TO DO:
Set every line of the data down again exactly, and keep the pictures out.

SUPPLIED MATERIAL:
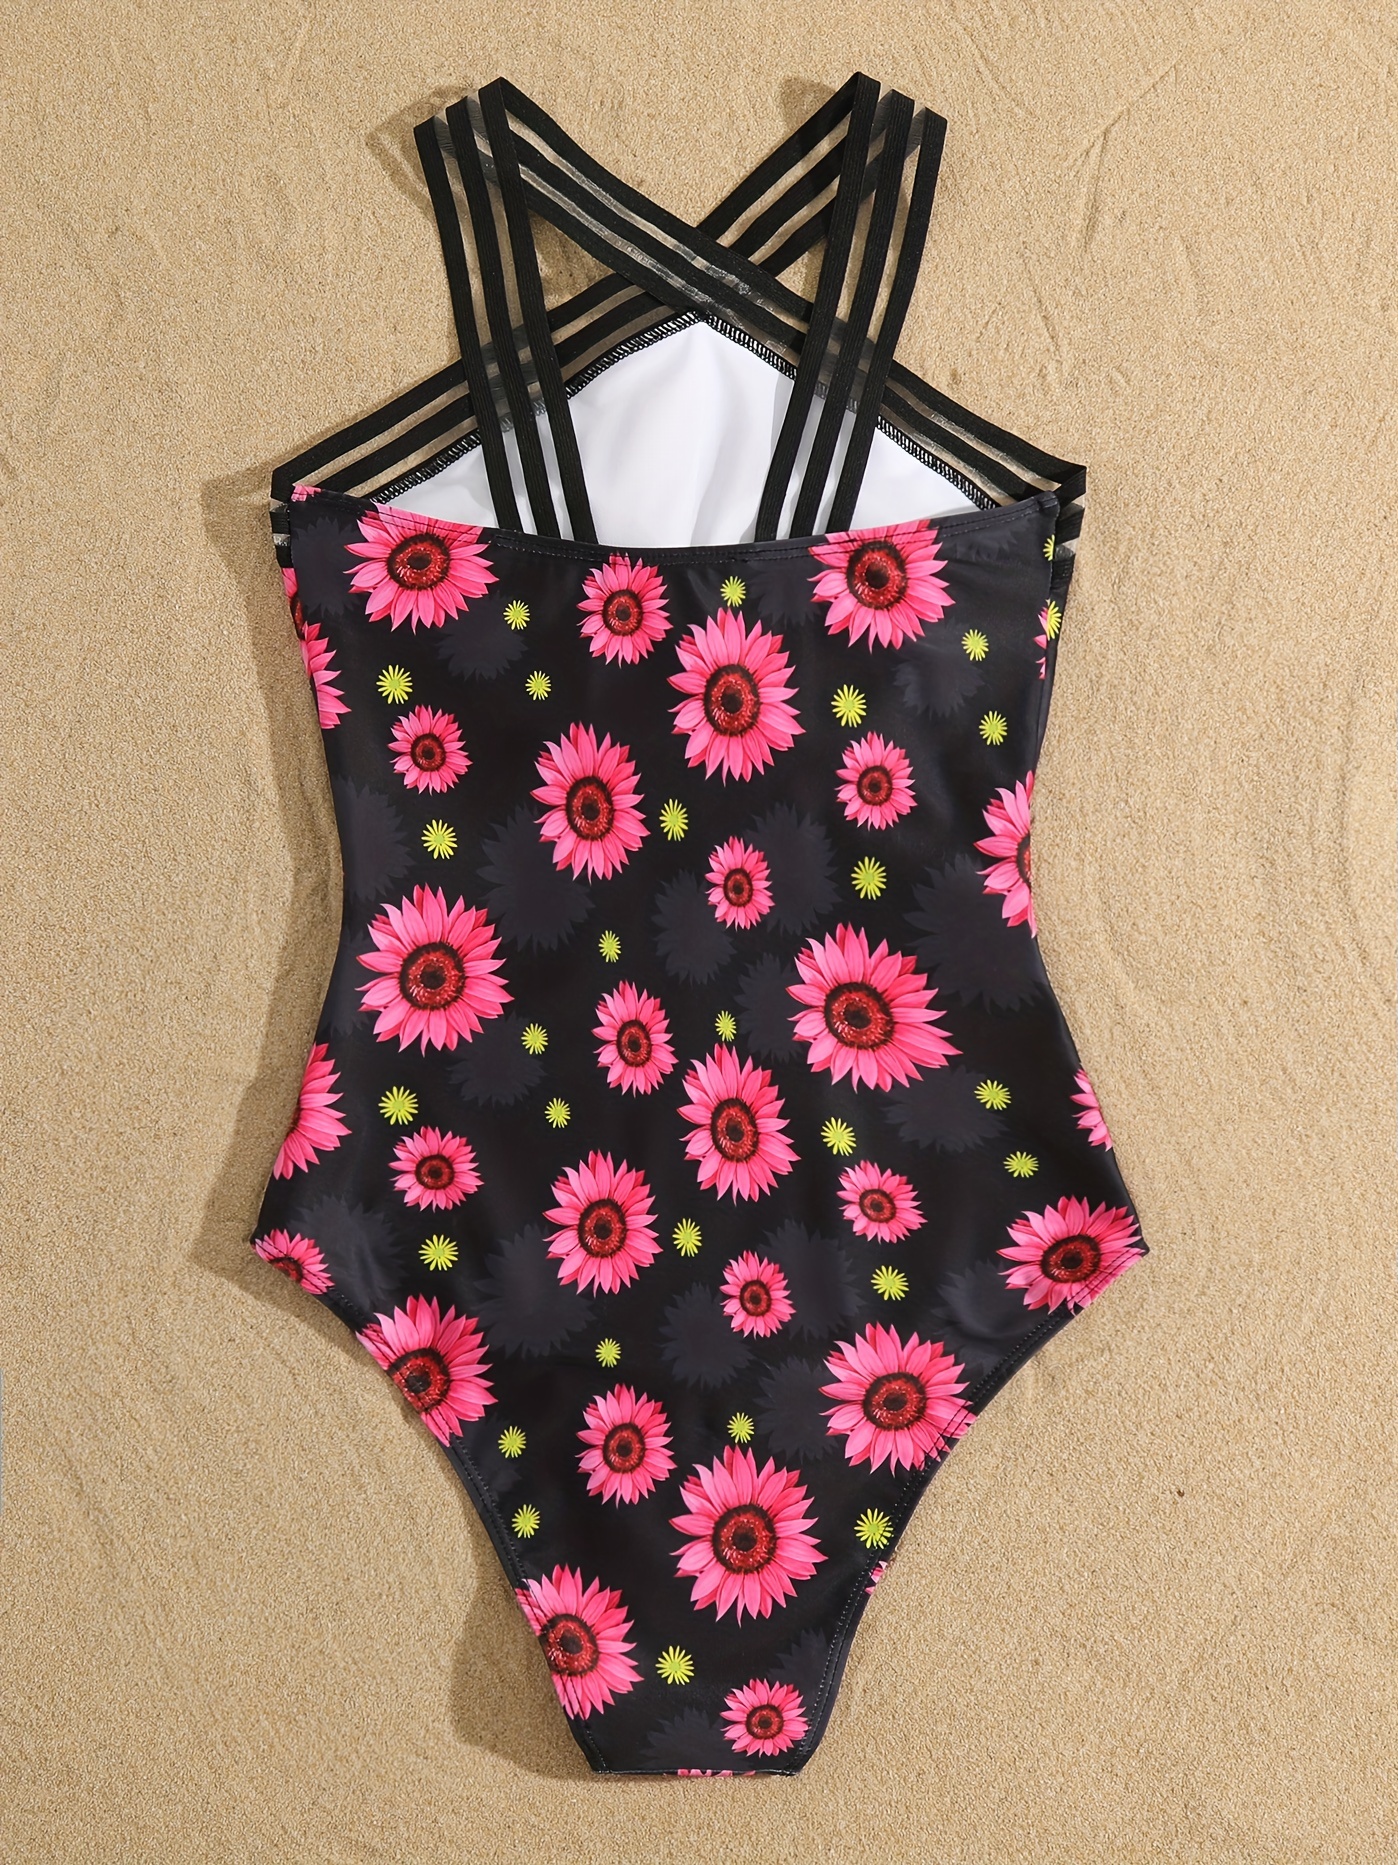 Kids Girls Sunflower Swimwear One Piece Floral Bathing Suit Beach
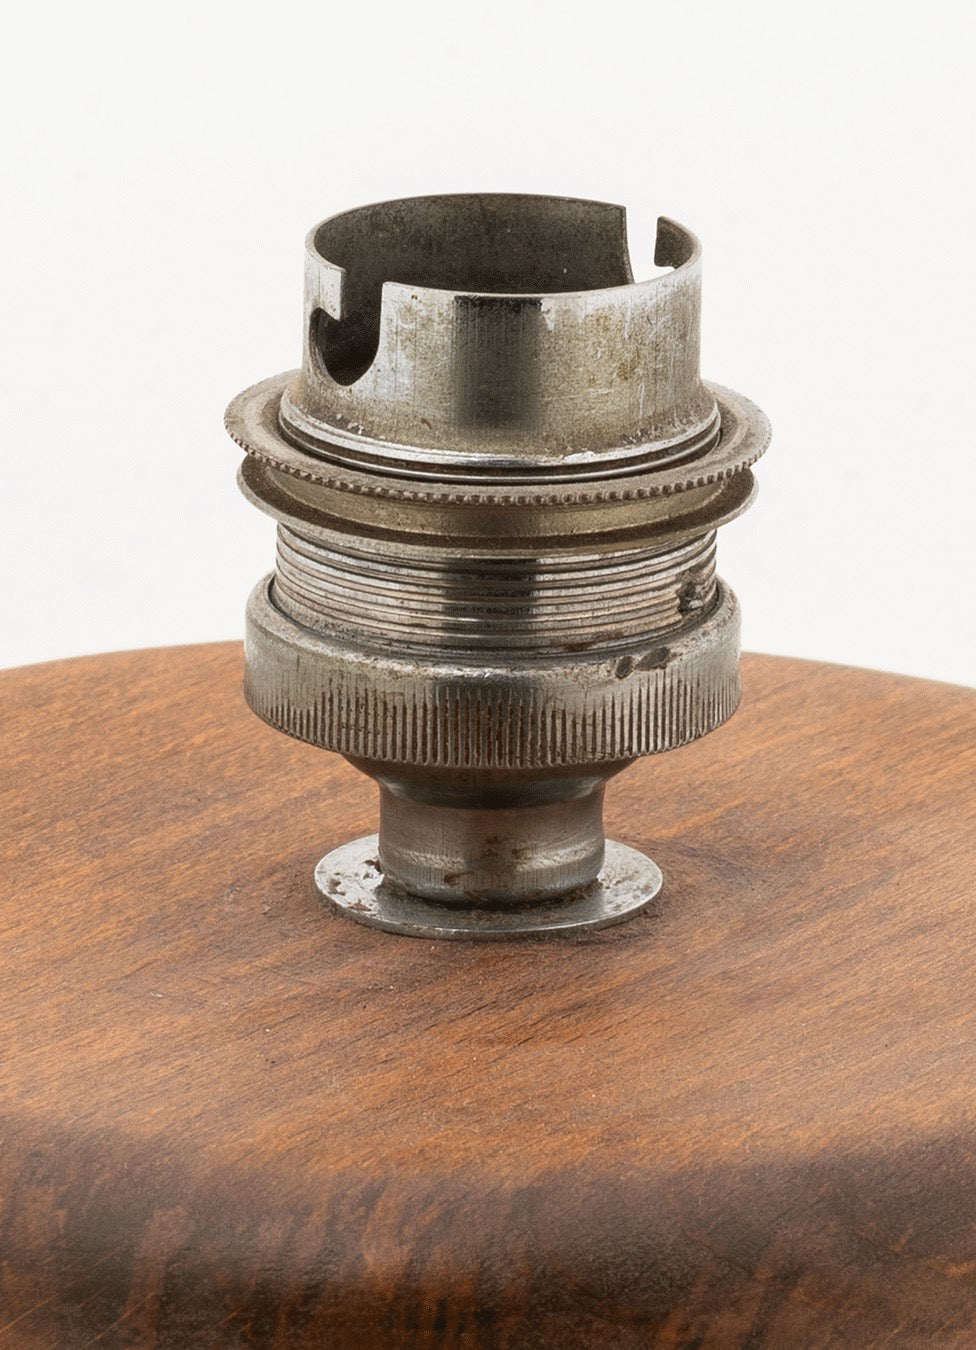 Vintage 1970s Lamp Base - Walnut Wood & Chrome-Plated Brass
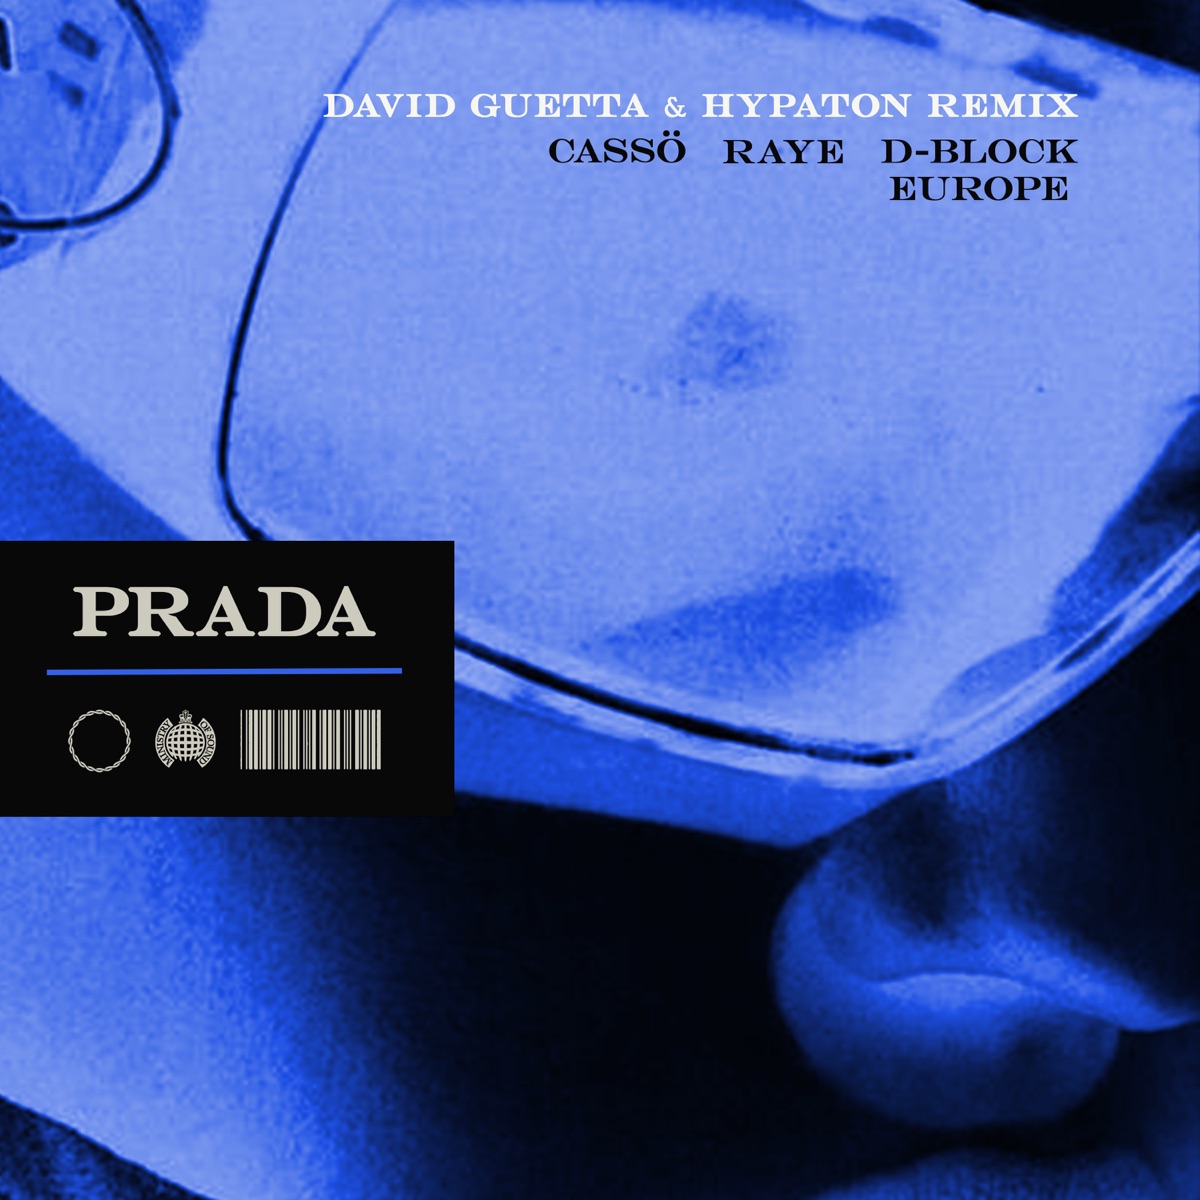 Prada - Single - Album by cassö, RAYE & D-Block Europe - Apple Music
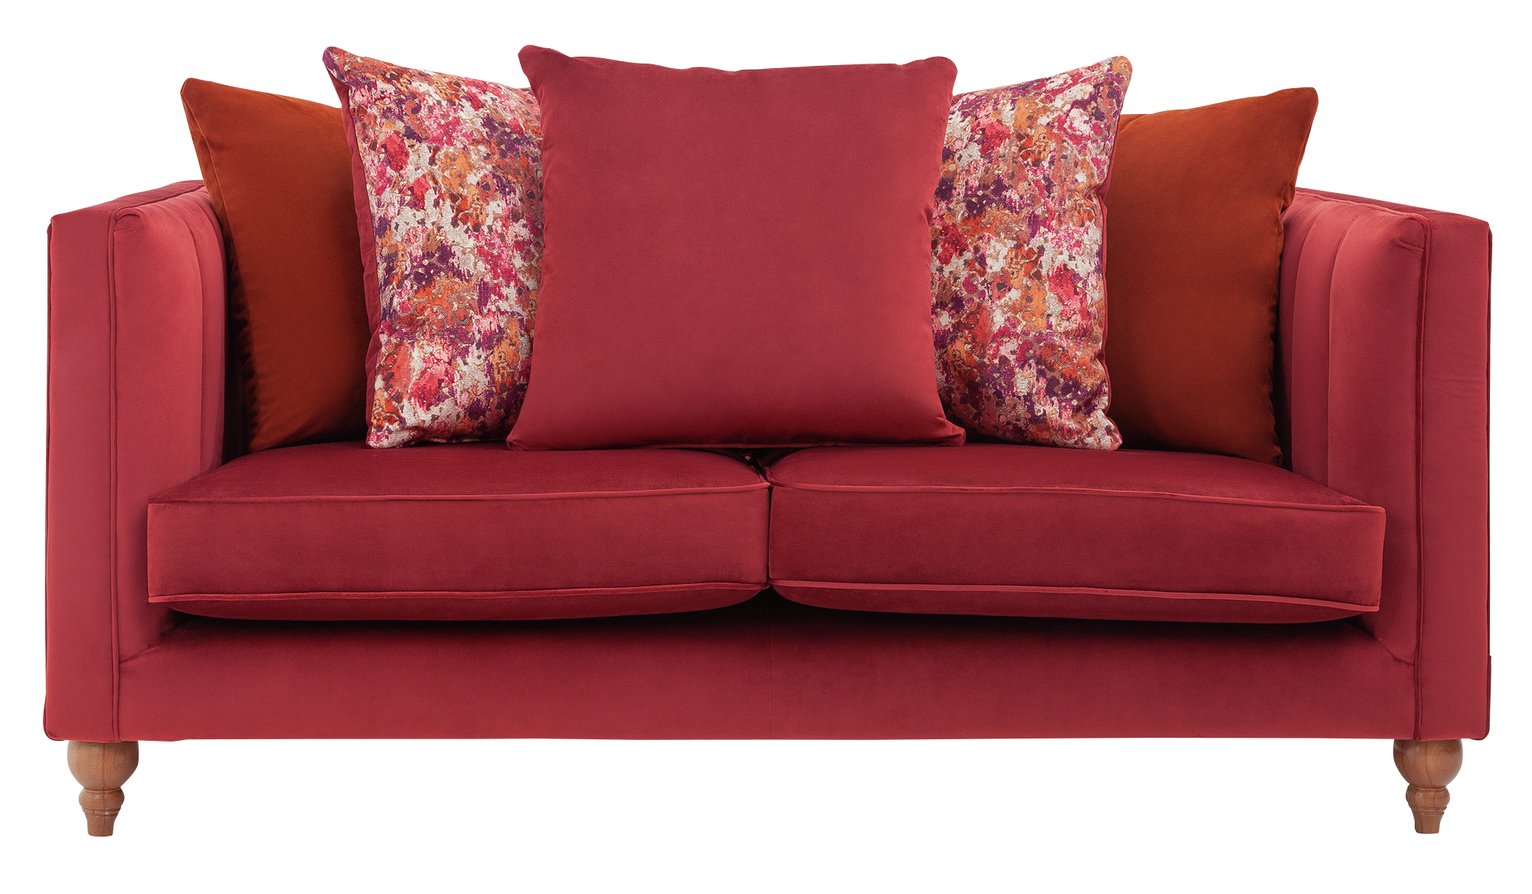 Argos Home Bardot 2 Seater Velvet Sofa - Cranberry

RESPONSE TO THIS TASK:
 Kids Girls Sunflower Swimwear One Piece Floral Bathing Suit Beach
 Vintage 1970s Lamp Base - Walnut Wood & Chrome-Plated Brass
 Prada - Single - Album by cassö, RAYE & D-Block Europe - Apple Music
 Argos Home Bardot 2 Seater Velvet Sofa - Cranberry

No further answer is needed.